Game costs soar but dare not raise prices? Former Sony President reveals the truth about the industry

Game costs soar but dare not raise prices? Former Sony President reveals the truth about the industry

Aug 16 2025

Recently, Shawn Layden, former president of Sony Global Studios, shared a series of unique insights on the current phenomenon of rising prices and development costs of 3A games in an interview with Gamesindustry.biz.

Leden mentioned that despite the continued intensification of inflation and the cost of game development has increased exponentially, the retail prices of premium games have been almost "unchanged" in the past 20 years.

  As for this contradiction, he analyzed: "I think the root cause is fear. No company is willing to increase prices first, for fear of losing players. In the end, everyone can only silently bear the decline in operating income and profit margins."

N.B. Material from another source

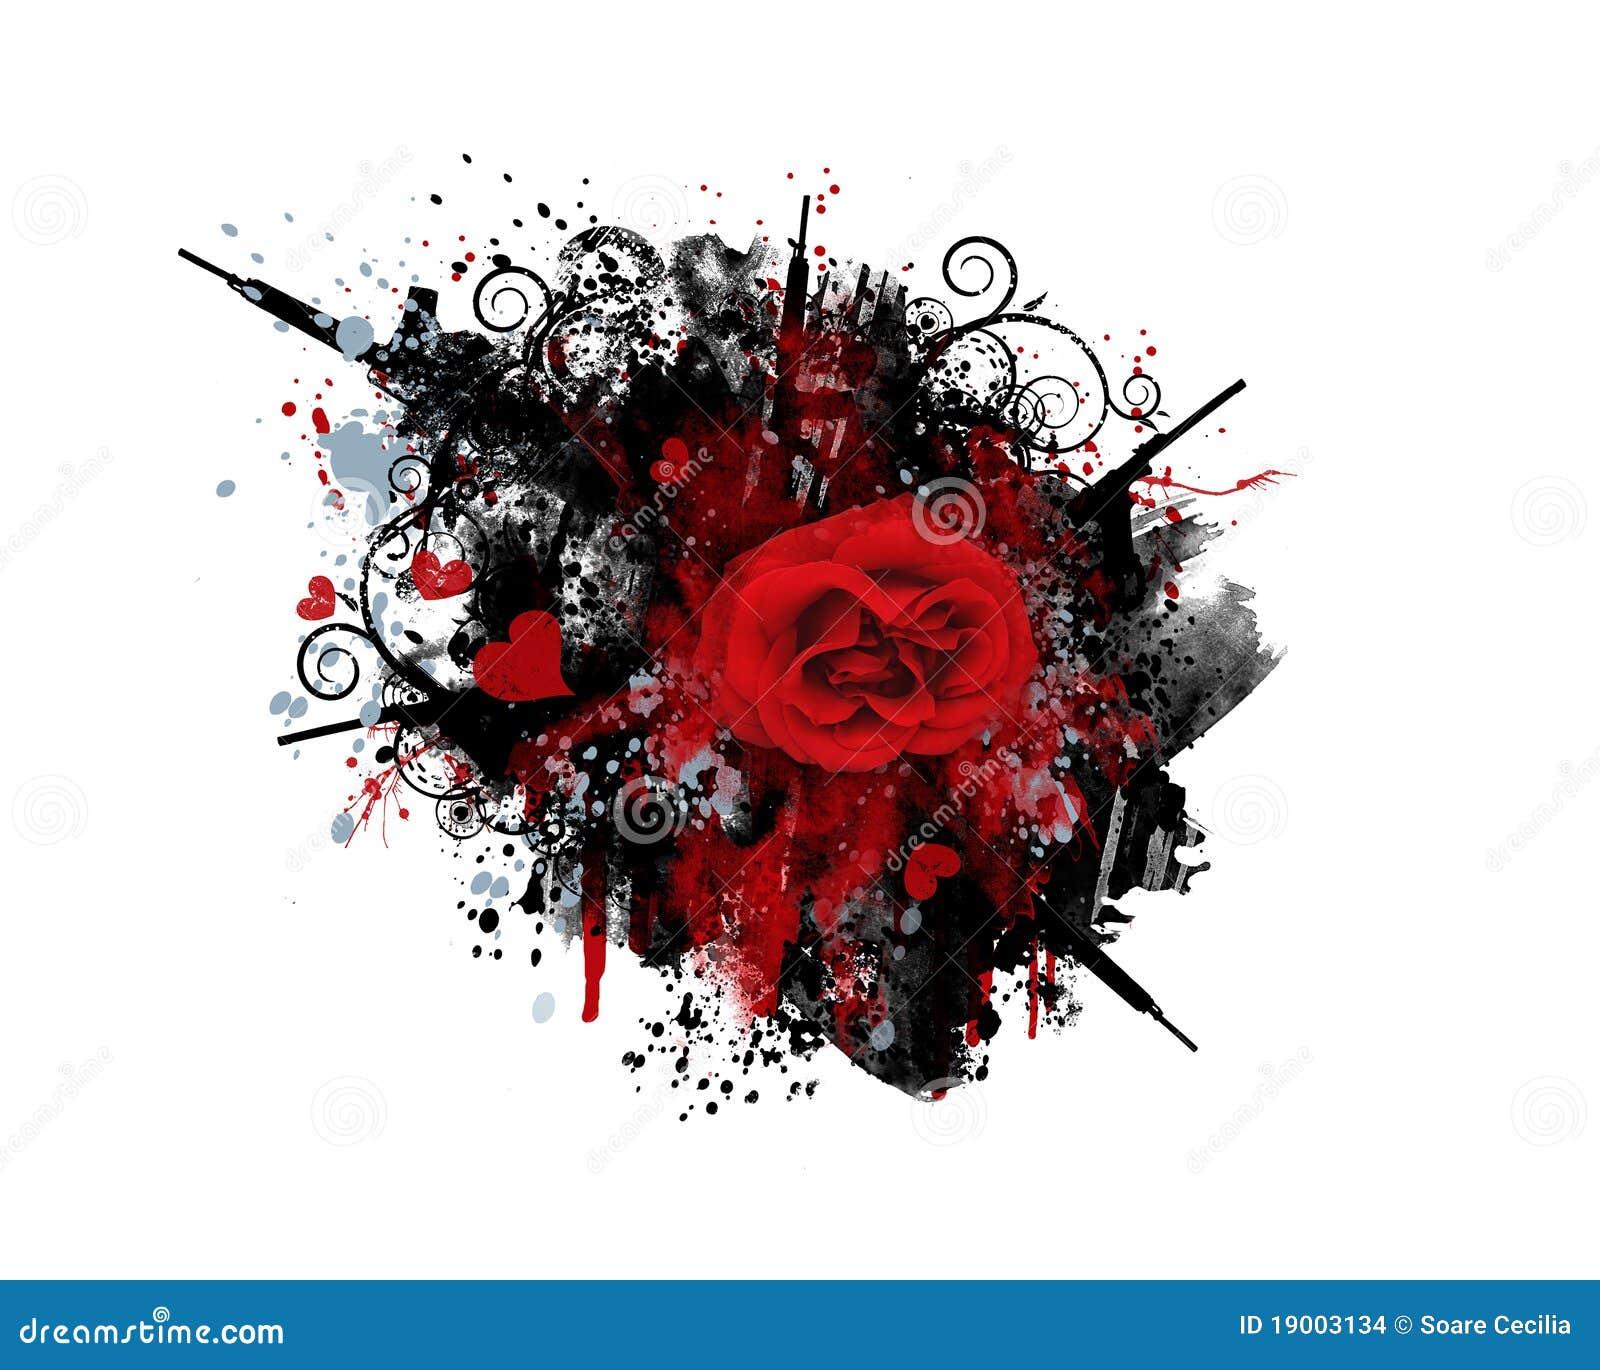 Rose guns and hearts grunge graffiti

  He recalled the PS1 era and said with emotion: "At that time, there were more sports cars parked in the company's parking lot than the PS4 era. The reason is very simple. In the PS1 era, if a game could sell 20 million copies, each price was $60, while the production cost was only $10 million, the profit was quite considerable. But in the PS4 era, the same sales volume of 20 million copies and the selling price of $60, the production cost soared to $160 million, which was completely different."

Leden believes that according to common sense, the price of the game should be gradually increased with the update of each generation of hosts. However, the game industry has bet on growth, adhering to the concept of "as long as it continues to grow, it can continue even if it is not profitable for the time being." But he stressed that the industry is approaching the critical point: "The development cost is ridiculously high. If a game's production cost exceeds $200 million, the profit margin will become extremely limited unless you can expect sales to reach 25 million copies. But except for big players like Rockstar, it is difficult for other companies to have such sales expectations."

In order to cope with the soaring development costs, industry leaders have been trying other ways to make up for it. "They would think, 'If you don't dare to raise the price directly, then keep the original price and make the extra cost back through DLC, microtransactions, battle passes, season tickets - whatever you call it -. Is this feasible?'" He also pointed out that the price of the game's luxury version is often easily exceeded $100 or even higher today, and it also comes with extra virtual items such as skins and weapons. And these virtual items cost almost negligible to publishers. "So, they're actually quietly increasing the mid-price range of the game."